What you need to do:
Check every line of the entries below for "Rigged", and copy the lines that have it.

Available data:
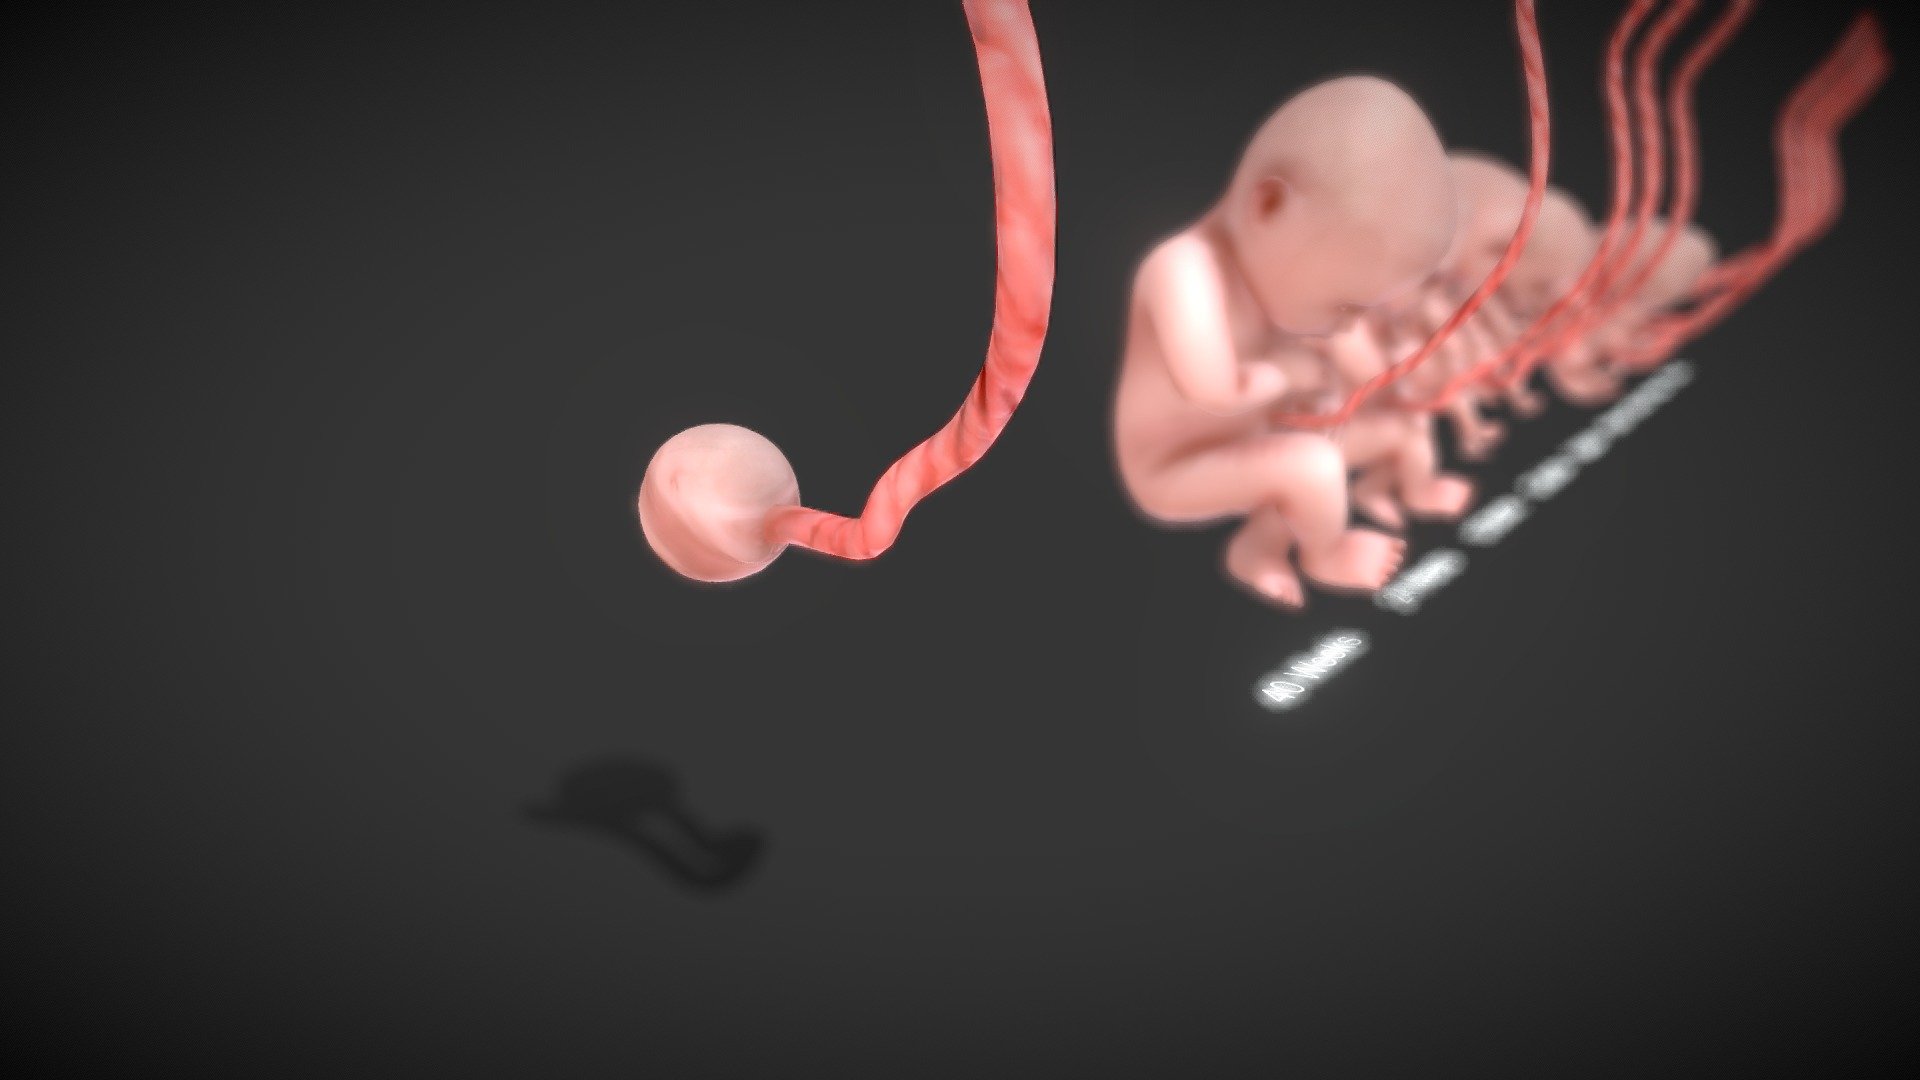 Animated/Morphed Human Fetus



No errors or missing files

High-quality polygonal model

No N-GONS Faces

This model is created in polygon quad &amp; tri with good edge flow

HDR Light Map is included if necessary .

The scene is well arranged

Objects, materials, and textures are named.

The model was animated and morphed

Poly Details:




Polys: 7277

Verts: 7250

Formats:




3Ds Max 2017 _V-Ray Animated/Rigged

3Ds Max 2014 _V-Ray Animated/Rigged

3Ds Max 2014 _Scanline Animated/Rigged

Maya 2016_V-Ray Animated

Maya 2016_Default Animated

FBX Animated

FBX (9 seasons) Static

OBJ

3Ds

Textures:
* Name Size Format QTY
* Fetus 8192 PNG/EXR 5

{Diffuse- Normal- Specular- AO – Displacement} - 3D Animated Human Fetus - Buy Royalty Free 3D model by 3D4SCI 3d model

Result below:
3Ds Max 2017 _V-Ray Animated/Rigged
3Ds Max 2014 _V-Ray Animated/Rigged
3Ds Max 2014 _Scanline Animated/Rigged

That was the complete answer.